(Goal of the exercise) Write out each line of the material exactly as given, and drop the images.

(Raw data)
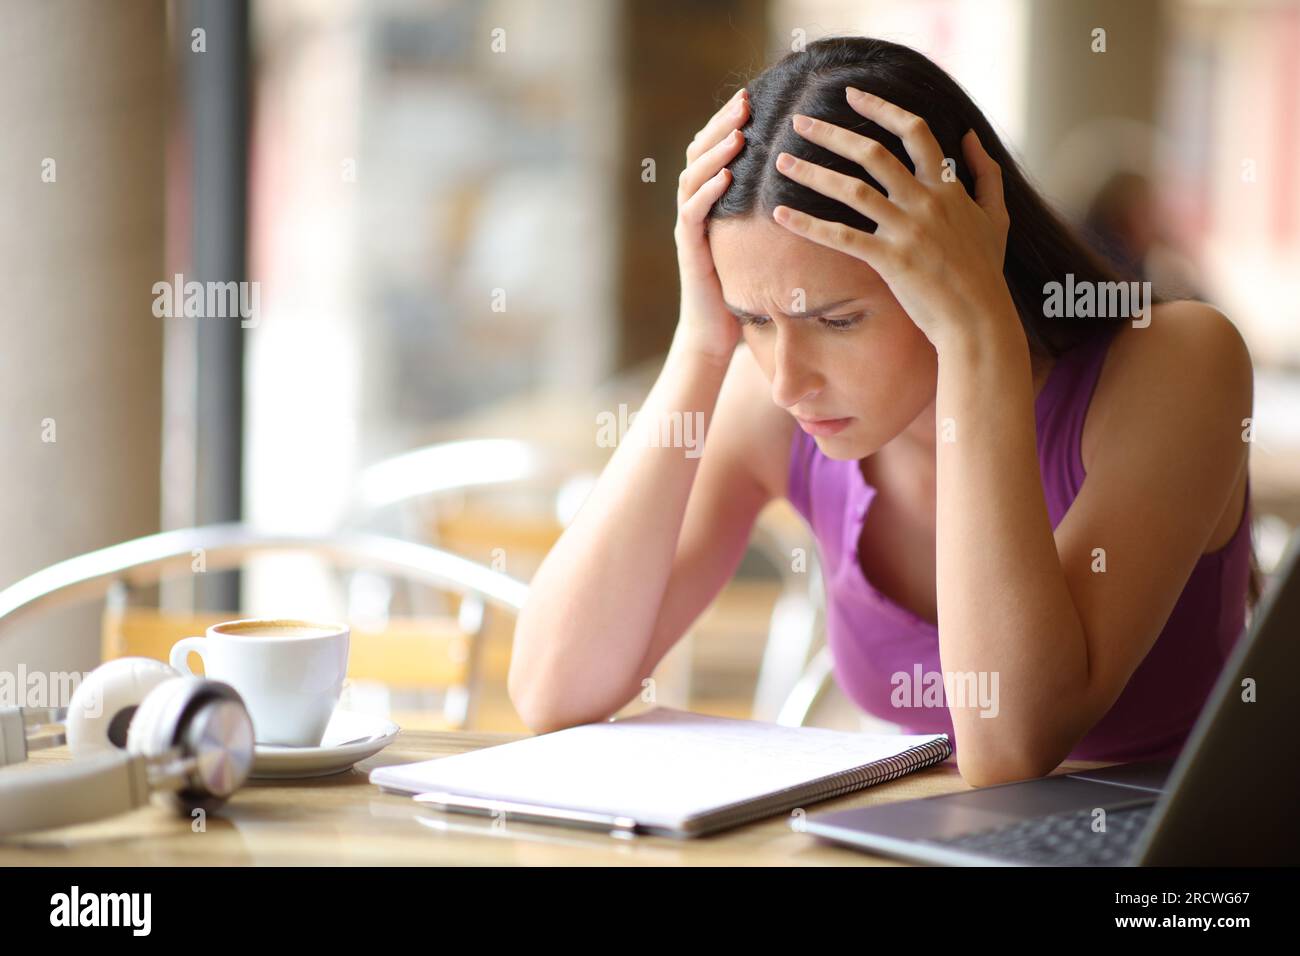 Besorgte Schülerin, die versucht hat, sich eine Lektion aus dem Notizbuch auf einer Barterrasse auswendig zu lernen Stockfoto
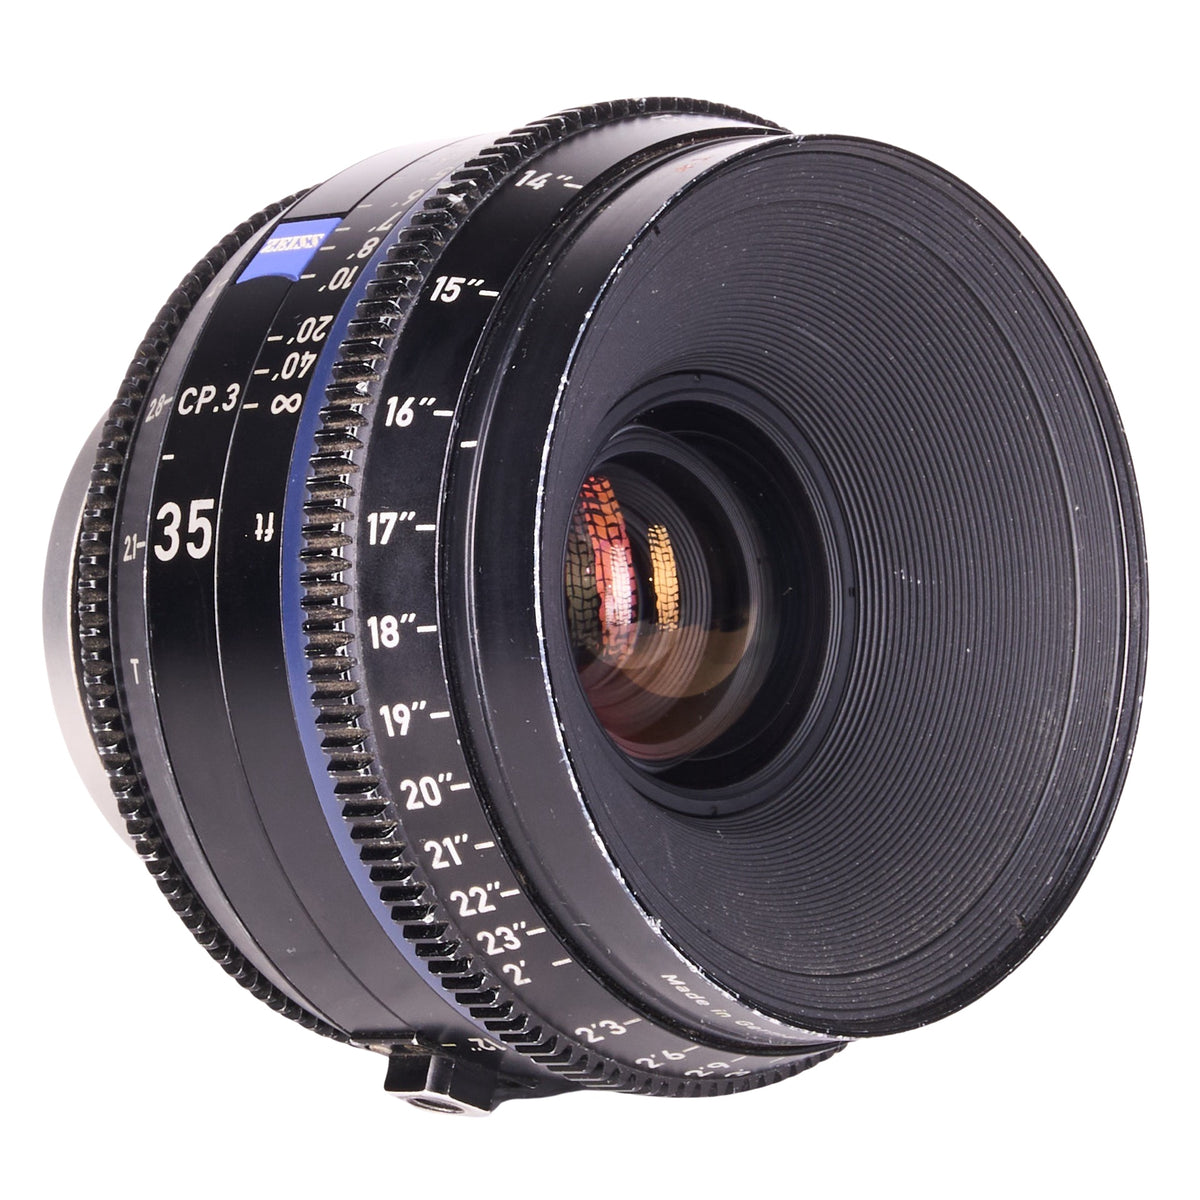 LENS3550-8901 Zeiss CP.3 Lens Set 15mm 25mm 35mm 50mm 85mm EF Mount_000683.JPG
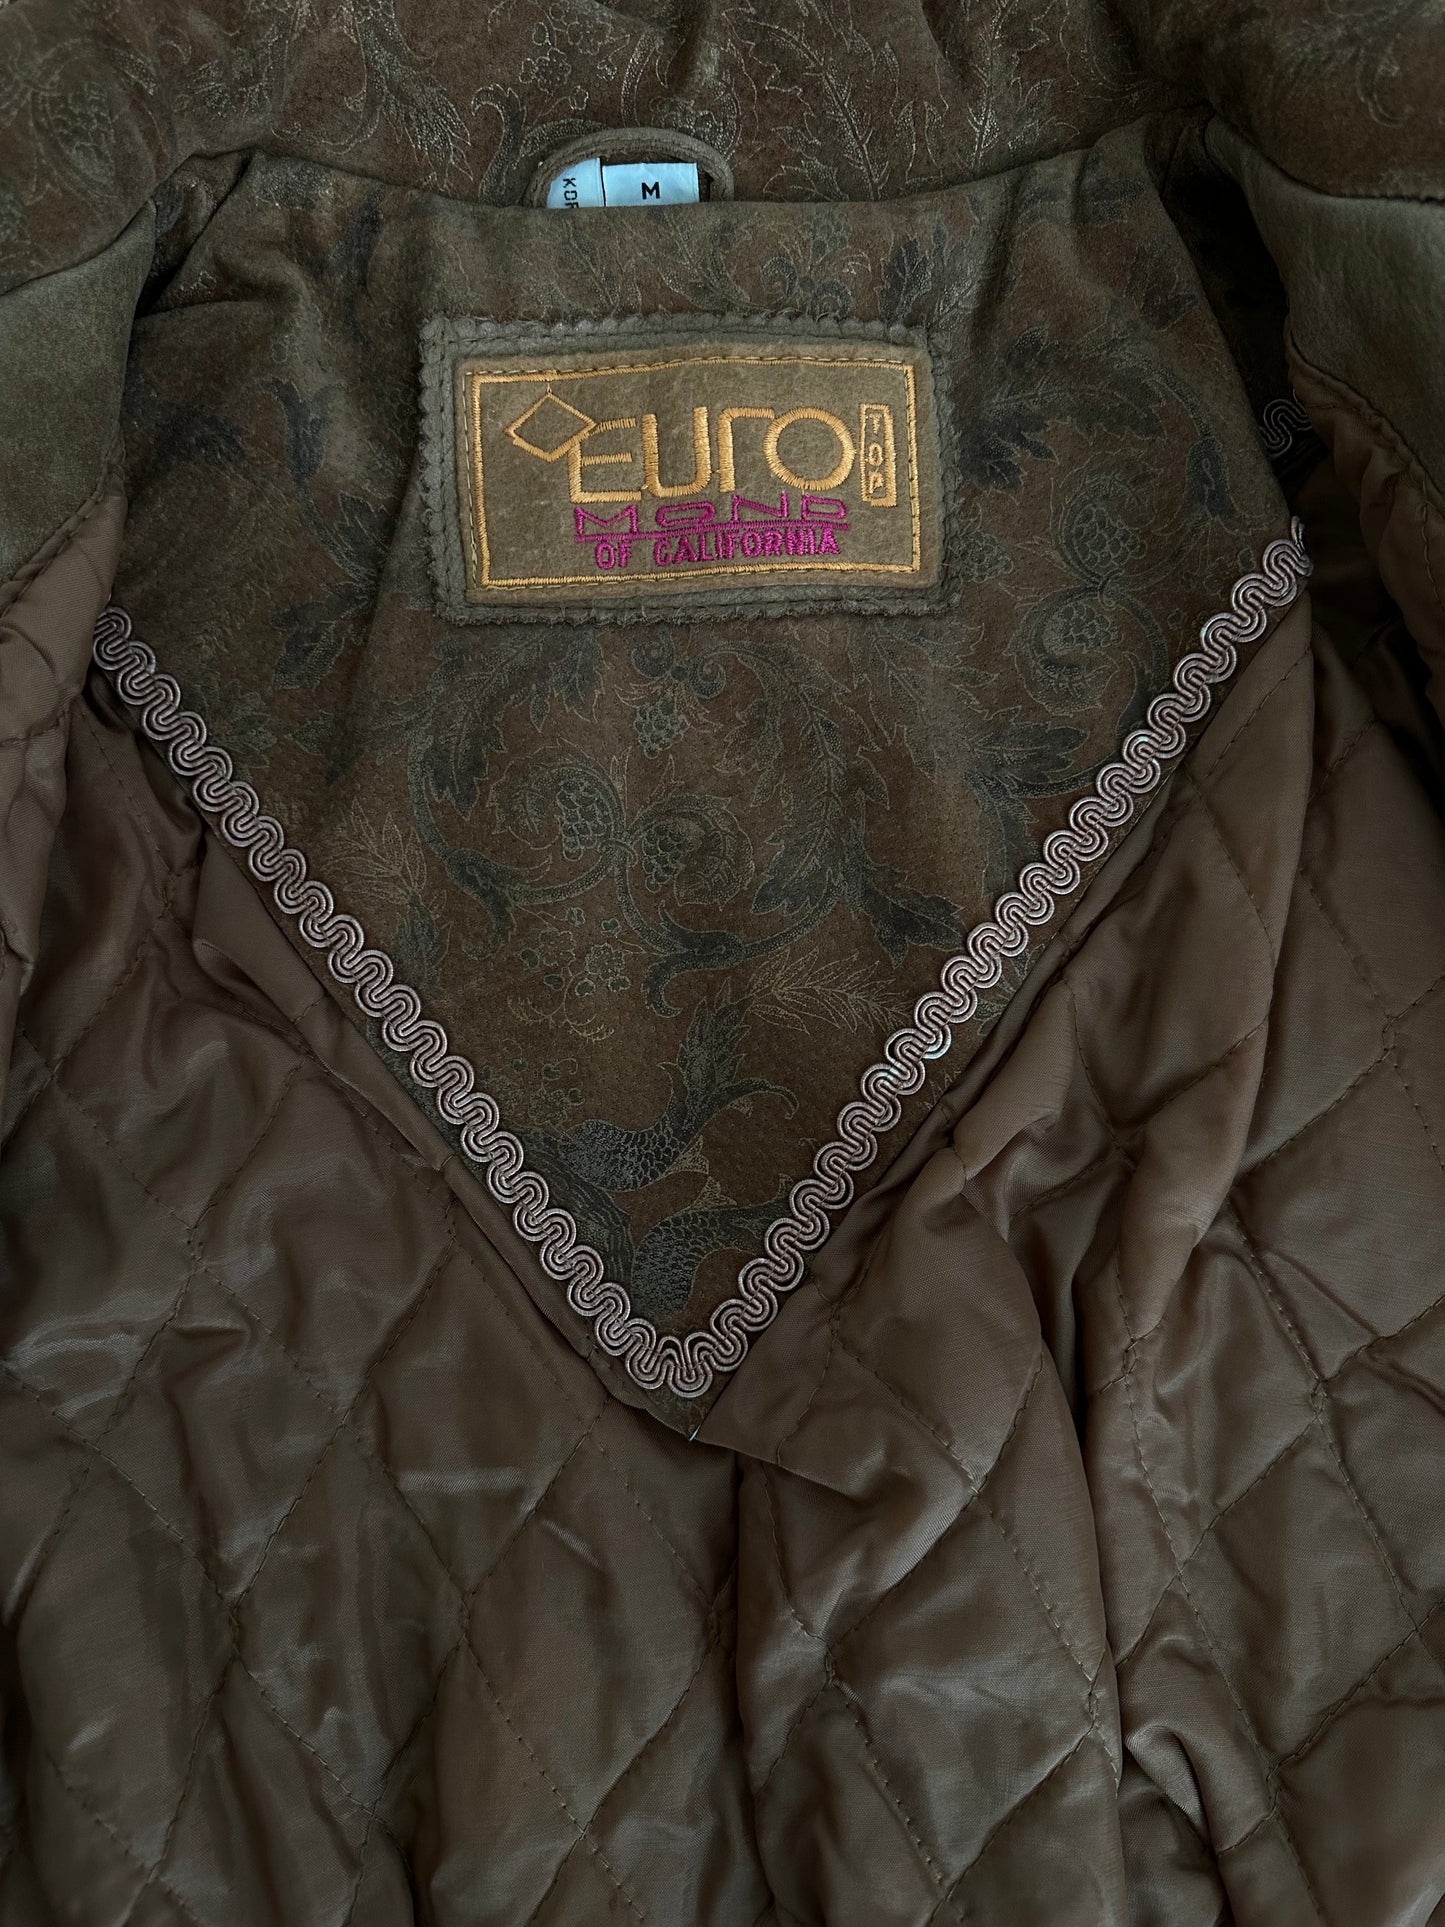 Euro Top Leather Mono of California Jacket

(Output below)
 Besorgte Schülerin, die versucht hat, sich eine Lektion aus dem Notizbuch auf einer Barterrasse auswendig zu lernen Stockfoto
 LENS3550-8901 Zeiss CP.3 Lens Set 15mm 25mm 35mm 50mm 85mm EF Mount_000683.JPG
 Euro Top Leather Mono of California Jacket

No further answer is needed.